3.png

Who I Am

Artist. Scholar. Preacher.

 
Living, to me, looks a lot like walking in the path I am destined to walk on and not playing it safe. Trying the areas once more that I thought I failed previously. Living means not being fearful of reprioritizing or reorganizing. Living is not being afraid to succeed.
— ASM
2019+Amina+FTE+sassy.jpg
 
 

BIO

Amina McIntyre is a playwright from Atlanta, GA, who has had productions and readings of her plays with Working Title Playwrights at OnStage Atlanta, TipMyCup Productions at the Roy Arias Theater in New York, Wabash College, Colby College, Lenoir-Rhyne University, Spalding University, Indiana Theater Association ITWorks 2008, West Side Community CME Church, Sabrina McKenzie Ministries’ EPIC Women’s Conference, Lenoir-Rhyne University and the Hickory Museum of Art.  Amina was the 2011 Visiting Playwright in Residence at Lenoir-Rhyne University and a finalist for the New York Theater Workshop’s Emerging Artist of Color Fellowship.

Amina received a BA in Anthropology at Colby College, a MA in African American and African Diaspora Studies from Indiana University, Bloomington, a MFA in Creative Writing from Spalding University and a MTS from Emory University. She is a member of Working Title Playwrights, an Atlanta-based play development company, and Managing Director of Karibu Performing Arts, LLC/Songs of Karibu.

Most recently, Amina’s presented her play All’s Fair in Jewels and Dresses at the Fort Wayne Fringe Festival and she was an invited playwright for the Atlanta One Minute Play Festival. Amina is a recipient of a 2013-14 City of Atlanta Office of Cultural Affairs Individual Grant, a Playwright Apprentice in the Horizon Theatre 2014-2015 Apprenticeship Company and the 2014-2015 Atlanta Region Young Ambassador for the Dramatist’s Guild.

 

ARTIST STATEMENT

I write as an urban, southern Black woman, specifically a native Atlantan, writing about southern Black life and its diaspora. As a womanist artist minister, healing, family, life, learning and love are constant themes in my work.   Writing to heal is writing an expanded narrative of lives to eradicate stereotypes.  Writing to heal addresses the complexity of race, gender, religion and socioeconomics that aren’t linear.  For example, there isn’t the story about the poor African American girl who gets invited to the debutant ball, or the preacher woman who also practices conjure (and this is seen as natural). These narratives allow people to understand how a me exists and how I walk in my own shoes.

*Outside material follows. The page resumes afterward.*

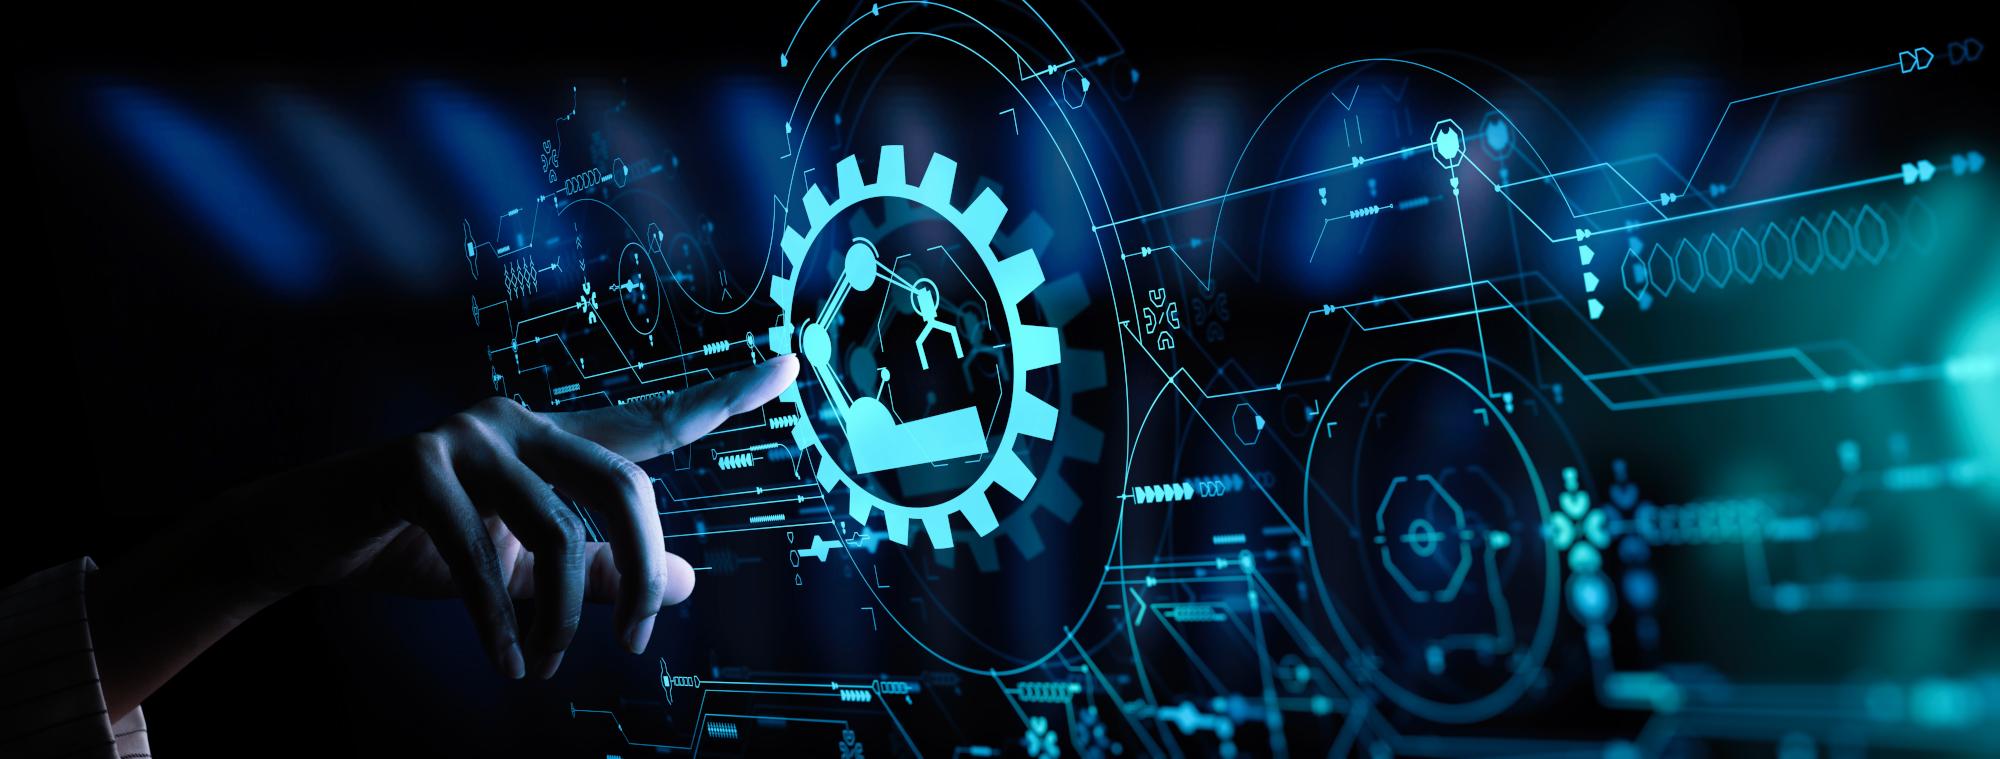 SL Controls Digital Transformation Solutions

My plays generally examine seeking and a longing, leading to a greater self-awareness for my characters.   I write for the senses what my characters see, taste, feel, know, understand.  My inspiration is love (in all forms), traveling to important places in the African diaspora, and experiences like relocation, trauma or disruptions that cause us to refine our lives.  I write the Southern girl who goes north and willingly comes back to the south because it is home.  More than anything, I write about the search of self and how that search can also heal communities. 

I write through the lens of ritual: patterns, systems, dedication, and faith. My work curiously investigates what it means to have order and what happens when order falls apart. I incorporate found language—words I hear on the street—cadences in voices and rhythms of everyday people. I write the girl who loses but keeps playing the game anyway. I infuse music, dance, art and other forms as that is the way of life.  Come journey with; perhaps you will find the boldness to heal yourself, too.